‘The Day After’ Hasn’t Lost Any Of Its Nightmarish Power After 30-Plus Years

“Hey Neal,” the chipper email came through on the transom, “As a Gen X’er, I’m sure your life was shaped (at least a little bit) by The Day After, that crazy nuclear war movie that scared the shit out of me when I was in elementary school. The whole thing is on YouTube.”

It shaped me, all right. Why had my friendly neighborhood editor awakened this beast from my lizard brain? The years and therapy had managed to excise all but a couple of images from The Day After. One was a shot of X-rayed skeletons against a hideous bright orange light as the bomb hit, and the other was of some sort of country preacher, played by Kris Kristofferson, reading scripture to a gaggle of depressed, dirty people. The rest of the movie lay buried under 30 years of rubble of Survivor episodes and Deadwood and Seinfeld and the Mother Of Dragons emerging from the flames. Well, no more. The Day After has once again been burned into the nuclear wasteland of my mind.

Now available on YouTube, The Day After is an astringent blast of hyper-realism from the past, in direct contrast to our an age of apocalypse entertainment tarted up with zombies and Immortan Joe and Bruce Campbell wielding a chainsaw. It has briefly re-entered public consciousness after being featured on an episode of The Americans. People pretend to watch The Americans to feel smart about old-timey foreign policy, but really it’s a show about funky hot suburban superspies. But I’d rather watch The Americans than The Day After, because no one has anything close to sex in The Day After, which goes like this:

A group of characters goes about their ordinary lives in Kansas, speaking in near-Afterschool Special homilies, while a conflict unspurls in Europe on the news in the background. Then there is a nuclear attack. Half the cast dies immediately. Civilization ceases to function. The other people in the movie, including Jason Robards, John Lithgow (contractually obligated to appear in one out of every three movies in 1983) and a young Steve Guttenberg, gradually melt before our eyes, and then the world ends.

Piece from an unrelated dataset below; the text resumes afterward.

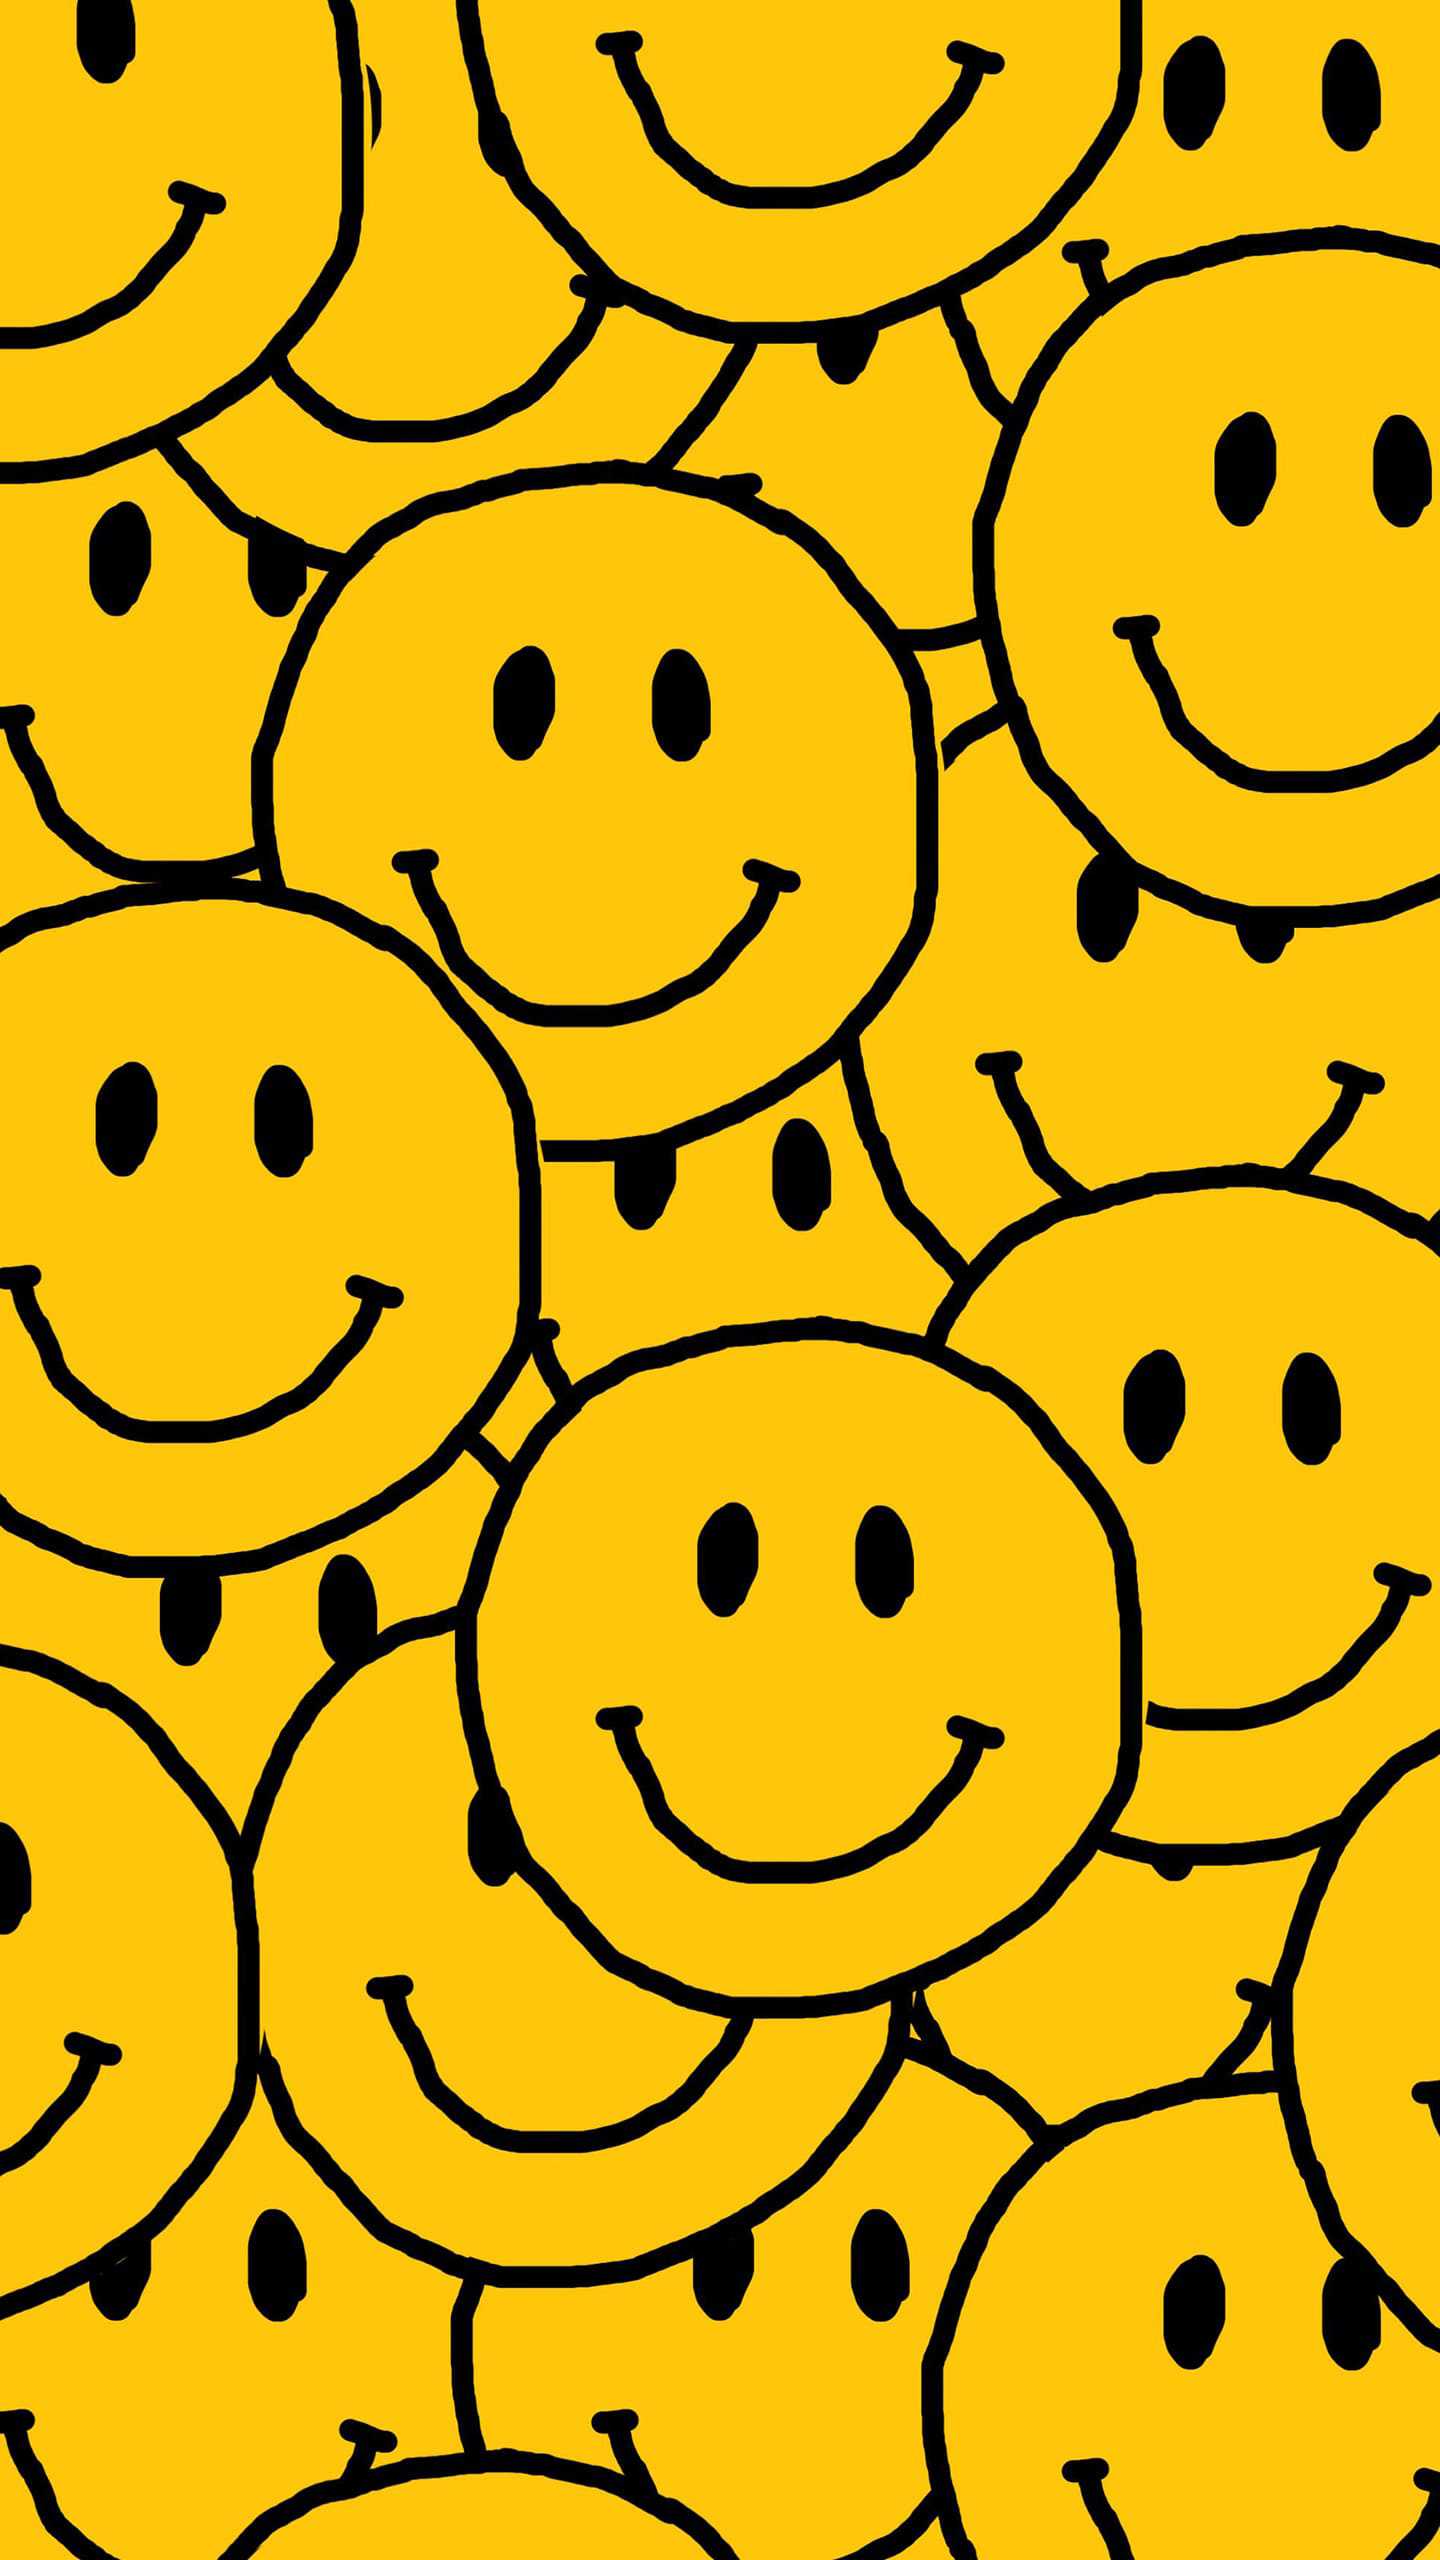 A lot of smiley faces on a yellow background - Smiley

These days, audiences like our world-end scenarios served up somewhat grim, with a mixed-blessing of hope and Christian mumbo-jumbo, like in The Leftovers (or at least with the conceit that there will still be awesome car chases in the desert). The second the bombs hit in The Day After, though, cars become useless, and society is immediately tossed back into horse-drawn carriages. Then the horses die from radiation and scavengers eat them. This is what aired on ABC in November of 1983, in prime time, followed by a debate anchored by Ted Koppel. Imagine that now. “We interrupt Modern Family and The Real O’Neals to bring you this bleak, hyper-realistic depiction of nuclear holocaust.” It wouldn’t happen. We are all diaper babies. Parents are worried about showing their tweens The Empire Strikes Back, lest it upset them. A movie like this would be the ultimate trigger warning for a climate-change-denying country.

What frightened me most about re-watching The Day After, other than Guttenberg’s rapidly disintegrating Jew-fro, is how little progress we’ve made since then. Though there’s no Cold War, not really, with Russia and China, I wouldn’t exactly say that peace is a guarantee. We still live under a continual system of mutually assured destruction, now featuring even more radical religious terrorists. Pakistan has nukes, too. Most of The Day After takes place in the nice place of Lawrence, Kansas, which immediately turns to smoking garbage upon detonation. If a nuked Kansas City seems grim, a nuked Kolkata would be 100 times worse.

We have iPhones now, so scenes in The Day After of people frantically lining up to use pay phones are dated, and we also have the Internet. But none of that would matter in the case of global thermonuclear war. “The only difference from then,” said my son, the same age as I was when The Day After first aired, “is that DJ Pauly D is now alive.” True enough, smart guy, but our ironic pop-culture heroes won’t save us, and neither will our advanced tech. No one’s hopping an Uber out of town when the sky starts dropping toxic snow.

The Day After can’t be confused with The Day After Tomorrow, which is pretty grim, but it’s also kind of silly and at least Jake Gyllenhaal gets out alive. But the telefilm offers not one slender reed of hope. The most capable person in the movie, a farmer with a basement shelter, does a pretty good job of keeping most of his family alive until he gets shotgunned by a shirtless near-cannibal. That scene I remembered with Kris Kristofferson? It wasn’t Kris Kristofferson. It is someone who looks like Harris Yulin except that his face is peeling off and he’s preaching confused nonsense to a group of peasants, their brains scrambled by radiation poisoning, while the film’s romantic heroine sits in a ruined pew, bleeding from the crotch all over her best Sunday dress. No one will come to their rescue, not God or the government or Mr. Roarke or daddy on a sled.

Just like when I was 13 and watched The Day After for the first time, I’ll never enjoy anything about life ever again if I continue to replay it in my mind. I must bury the film somewhere deep. Now back to my regular streaming of Unbreakable Kimmy Schmidt and old Iron Chef: America episodes, already in progress.